FEATURES On “Black Ego,” Lando Chill Flips the Script Once Again By Christina Lee · October 18, 2018

In July, the Southwest Key immigrant center in Tuscon, AZ reached full capacity. One local congressman counted 300 children, 79 of them being from families separated at the border under the Trump administration. But rapper Lando Chill understands how that count can seem abstract to those who don’t live near the center. In 2016, he saw it firsthand. He saw immigrants crossing the neighboring desert, and folks who left out food, clothing, and water in anticipation of their arrival.

Lando Chill

The same week that Southwest Key filled up, just after he completed his third solo album Black Ego, Lando relocated from Tucson to Los Angeles. He chose the city because it’s the epicenter of many of his interests: music, modeling, fashion. But he still remembers his front-row seat to what he calls “the border fight.” In L.A., he feels he’s in a better position to make those issues heard. “We’re talking about a place that is full of opportunity, but is also on the right side of every fight that we’re invested in,” he says. “Nothing is perfect, especially in this police state that we live in, in the United States. But I feel like what we do—and where we are when we do it—matters.”

The moral thread that runs throughout Lando’s discography is something he learned from Paulo Coelho’s best-selling adventure novel, The Alchemist: “The greatest lie one has believed is that they are not in control of their own fate.” Black Ego is Lando’s most urgent response yet to the forces that want him to believe that’s true. He raps with a carefree swagger on that album’s second track, “Clypped,” pushing against the systemic racism that has long governed America, and is threatening to overtake him. He draws dizzying connections between past presidents, COINTELPRO, and a music industry that financially thrives on cultural appropriation. He finds inspiration in Paul Mooney’s oft-quoted Chappelle’s Show quip—“Everybody want to be a n—- but don’t nobody want to be a n—-”—when he raps “Sound is a bank lobby, bound by the trend / Black skills make it bend.”

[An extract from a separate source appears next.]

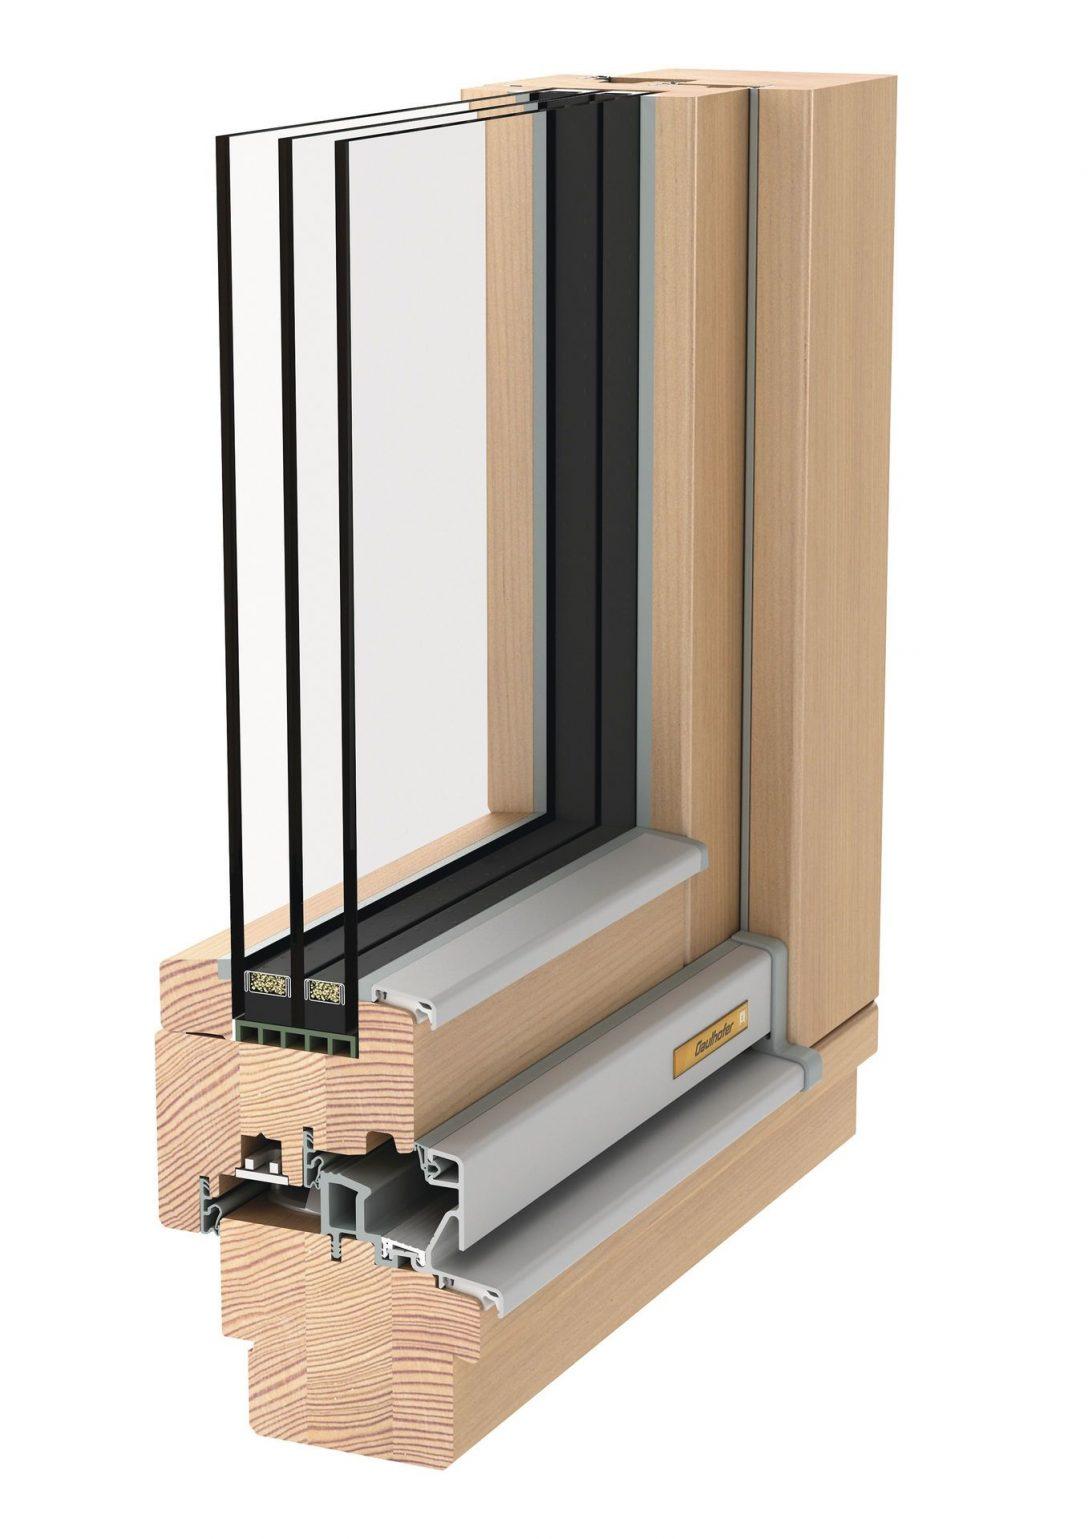 Large Size of Holz Alu Fenster Preise Aluminium Kosten Josko Preisliste Unilux Online Erfahrungen Pro M2 Preisunterschied Preis Leistung Qm Holz Alu Preisvergleich Aus Und Fenster Holz Alu Fenster Preise

That lyric doubles as a poetic spin on his views on hip-hop’s status as one of the world’s most popular genres. “Record deals have been this age’s version of sharecropping,” he says.

Land Chill

Lando has circled that theme before, but the way he delivers those messages has changed in the two years since his earnest Mello Music Group debut For Mark, Your Son. His 2017 follow-up The Boy Who Spoke to the Wind is his most literal homage to The Alchemist yet, using experimental jazz touchstones to convey his wide-eyed wanderlust. Black Ego is set at the crossroads where Lando found himself last summer. Its trip-hop flourishes are meant to recall the eight years that the self-proclaimed “Burt Bacharach of this shit” spent in Tucson’s barren expanses; its West Coast funk signifiers—the electric guitars, the synthesizers, its grooves, and major seventh chords—reflect his current mindset and locale.

All of these stylistic pivots are a result of Lando’s work with The Lasso, the Michigan-born producer and engineer with a background in classical, jazz, and rock who moved to Tucson three years ago. By the end of February, Lando had set his sights on L.A., while The Lasso and his wife decided to move back to Michigan. While The Boy Who Spoke to the Wind took nearly a year of soul-searching, Black Ego came together in the three months leading up to their moves; The Lasso stayed at his friend’s Airbnb with just enough gear to complete the album.

“It was a cool little moment in our lives,” he says. “It wasn’t an album where we were going to [keep working on it] until we’re done. Something about that subtle difference still sticks with me when I hear it.”

Still, The Lasso could also see the way Lando meditated on all of Black Ego‘s overarching themes. By the time they recorded the album, he had spent his life identifying and articulating his grievances with being marginalized. Making Black Ego gave Lando closure in more ways than one.

“In the ’60s, ’70s, and late ’80s, black pride and ego were celebrated—not necessarily in the ‘us versus them’ dichotomy that white pride represents, but with more a true acceptance of our beauty and pain,” Lando says. “So when I am thinking about the title of my third album, it was also important for me to accept myself.”